The last parties that can overcome the 5% electoral barrier are Die Linke and Sahra Wagenknecht Alliance-For Reason and Justice (BSW), with 5% and 6% respectively. In these elections, both AfD and BSW are the two parties that will surprise. The former, for the reasons explained above, and BSW because it is a novel formula of what the alternative left can become in the future.

Sahra Wagenknecht by Jens Schlueter
Sahra Wagenknecht by Jens Schlueter

BSW is a splinter of Die Linke, led by one of its most charismatic and popular figures. Sahra Wagenknecht is a political leader who heads a conservative, anti-woke and workerist left-wing movement. BSW seeks to mix left-wing discourse in the economic sphere with conservative positions on social issues and immigration, thus reversing the progressive and open-minded trend of the post-communist left after the fall of the Berlin Wall. BSW advocates a discourse that is critical of NATO, sovereigntist with the EU and seeks to distance itself from the urban leftist elites, which it considers distant from the popular classes they once represented.

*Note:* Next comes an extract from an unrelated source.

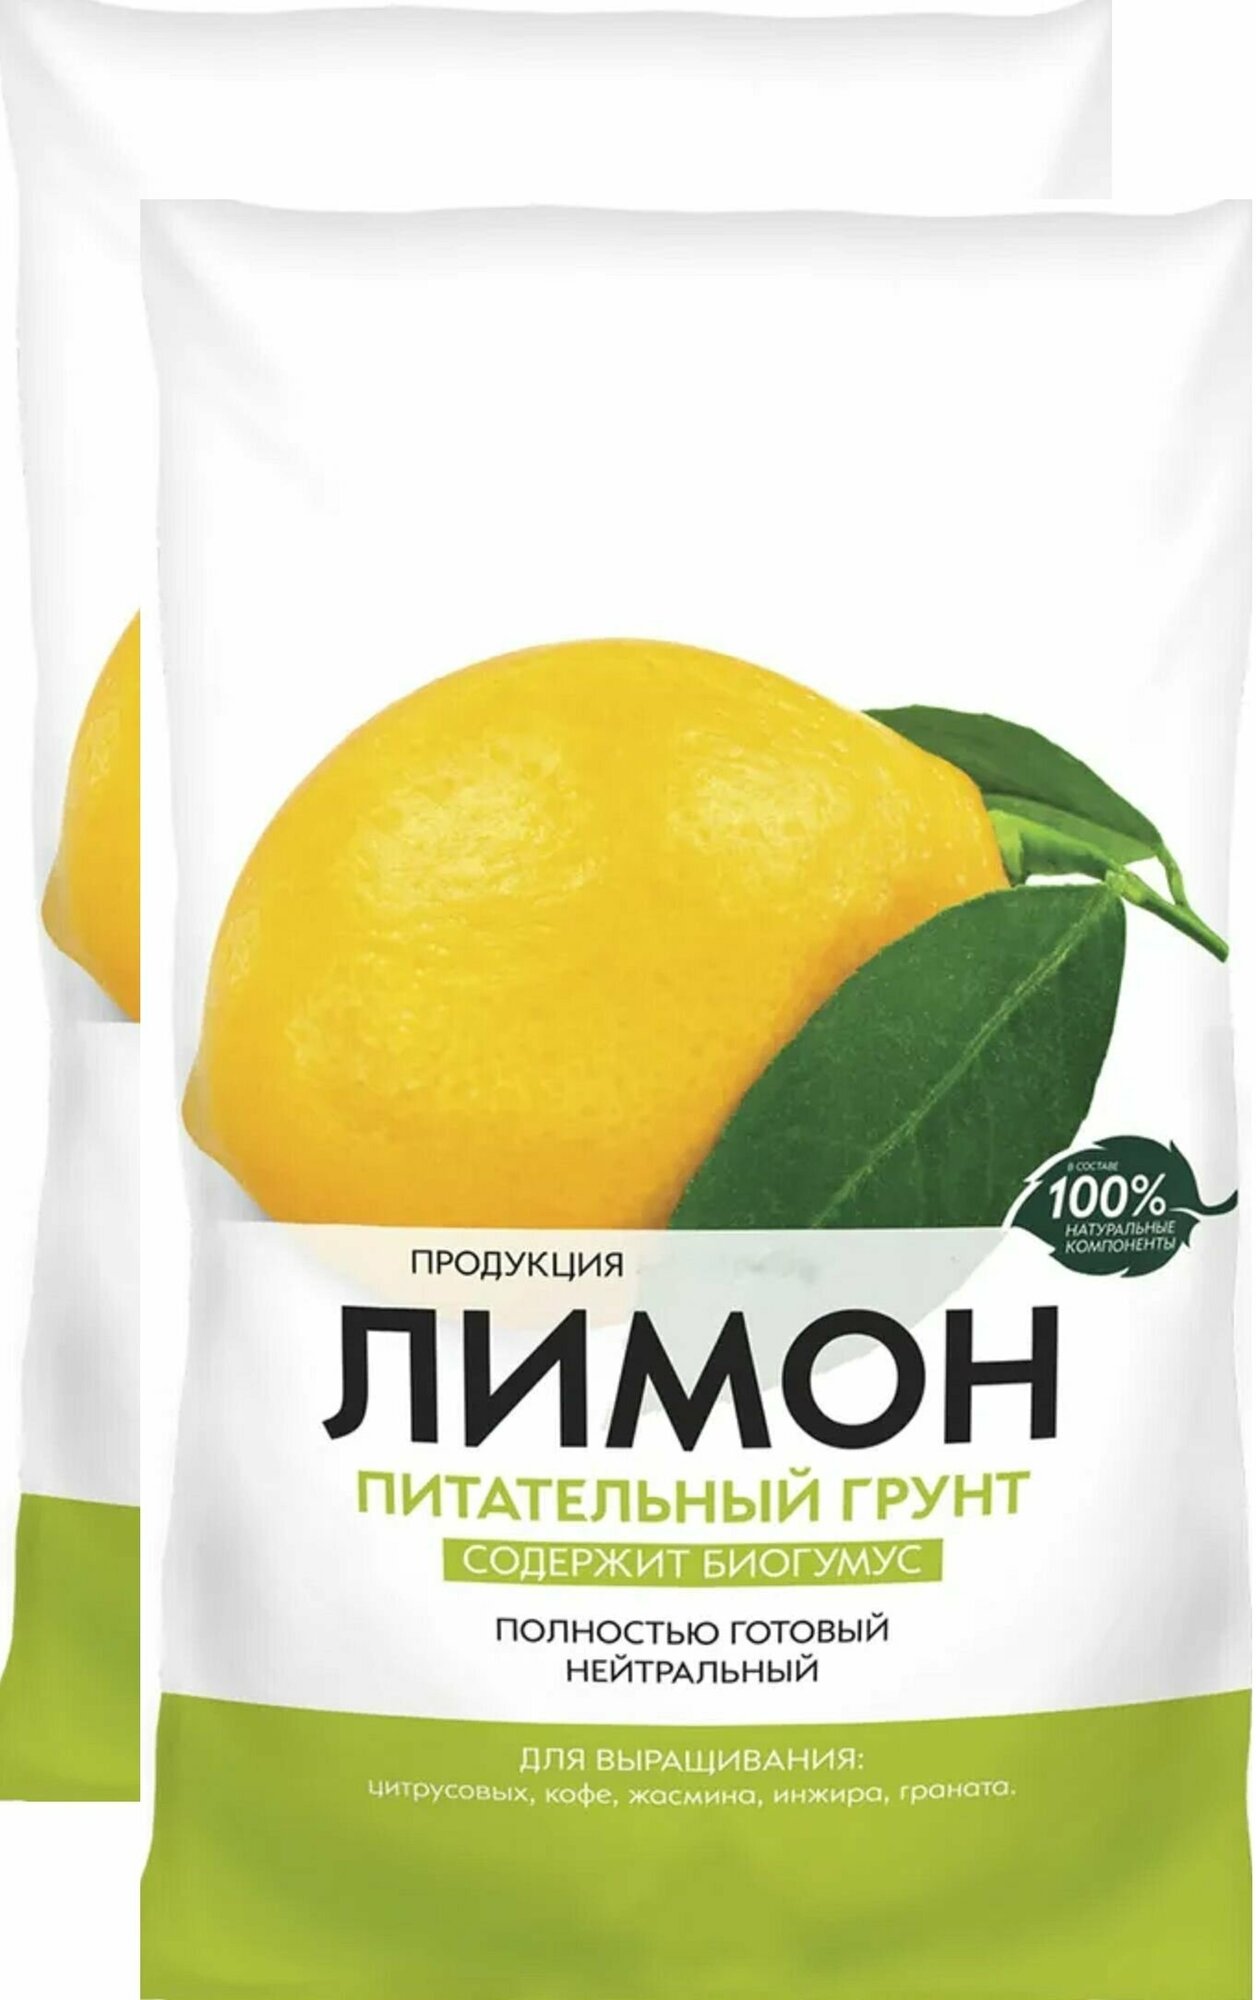 Почвогрунт "Лимон" 2шт х 2,5 л. Для выращивания цитрусовых, кофе, жасмина и граната в домашних условиях, создает условия для роста и развития растений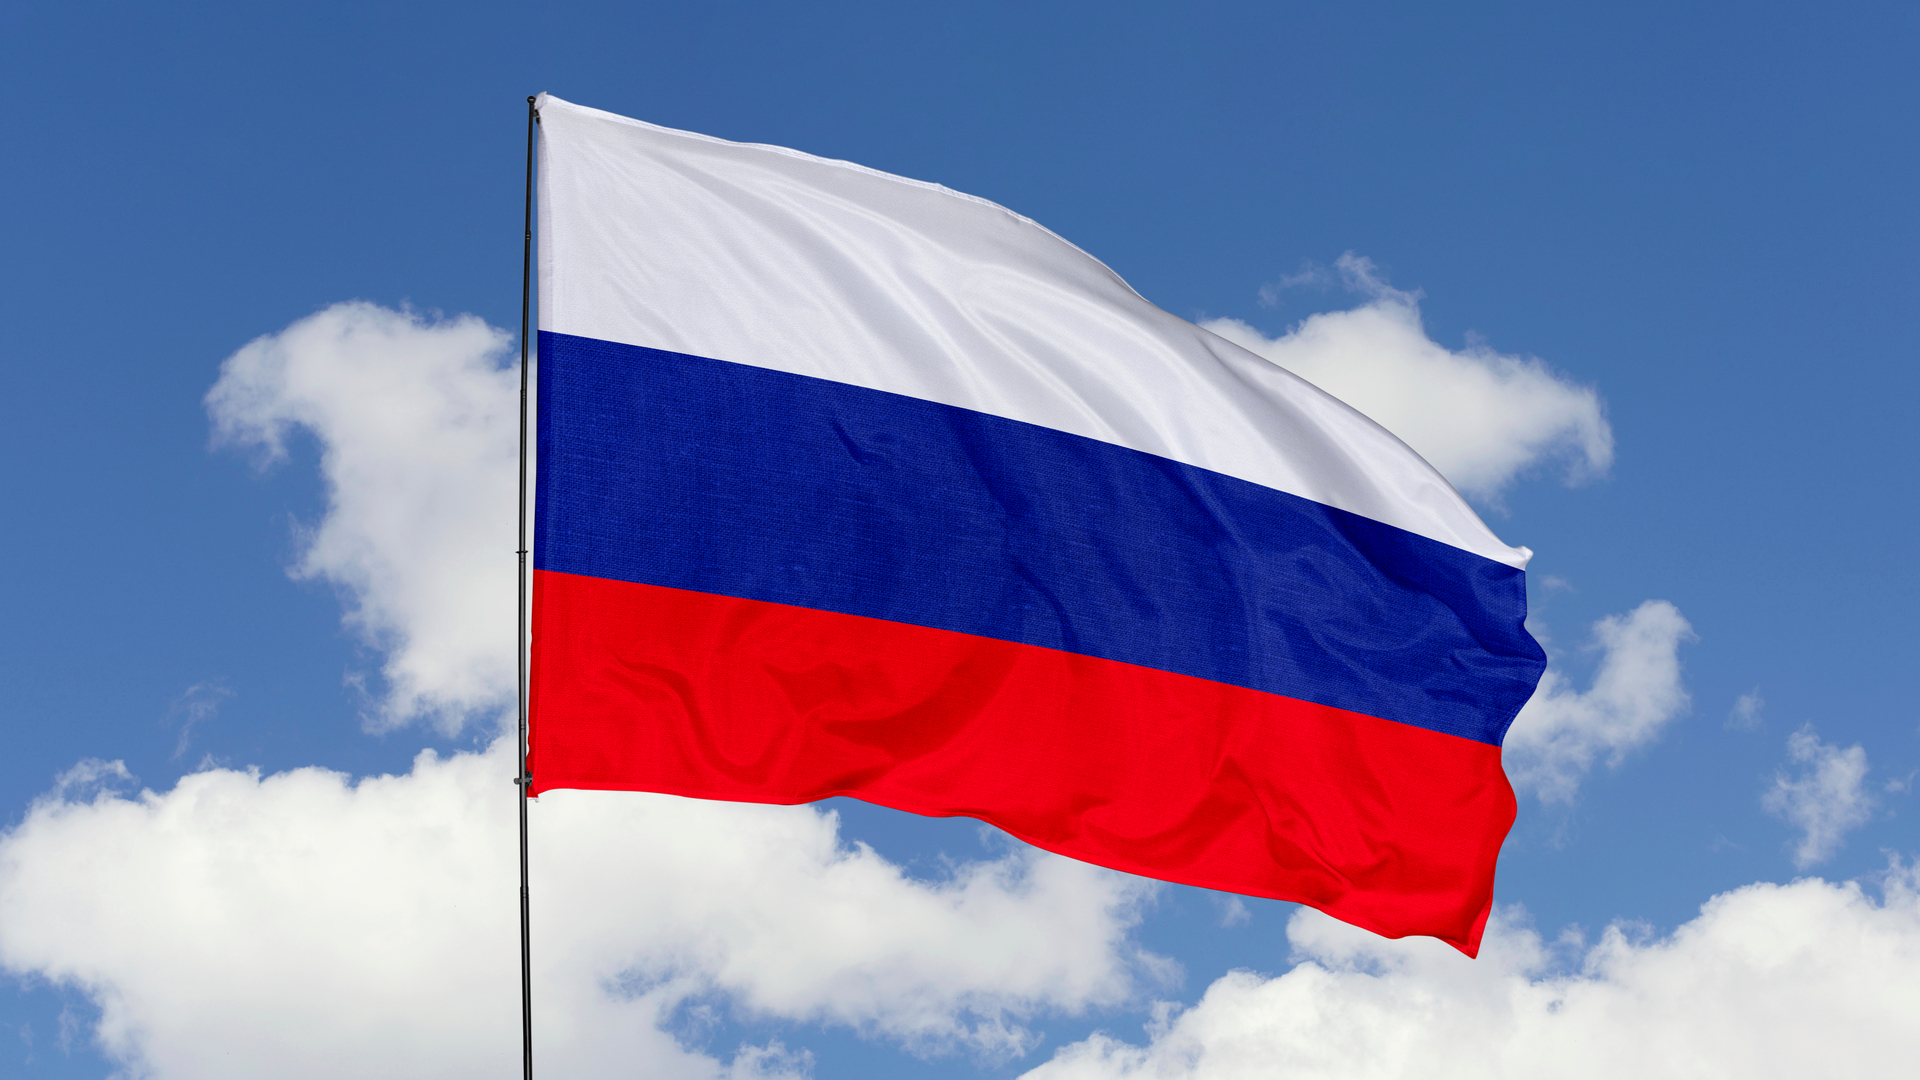 Rusyadan Bitcoin Madencileri Icin Kanun Degisikligi Hapis Cezasi Soz Konusu

The scenarios that open up on February 23 will not only affect Berlin, but will also have an impact on Brussels and the rest of the world. As Germany is the third largest GDP country in the world, any direction it takes will inevitably affect the rest of the world. The CDU/CSU's presumed return to power under Merz may mean a slowdown in the green transition, especially in industry. At the European level, Merz can be expected to seek to strengthen relations with neighboring France and Poland, in the format of the Weimar Triangle, with an eye on defense and European support for Ukraine. Merz, in the past, has taken more belligerent positions than Scholz on military support to Kiev, so it is to be expected that there will be friction in this area with the new tenant in the White House as well.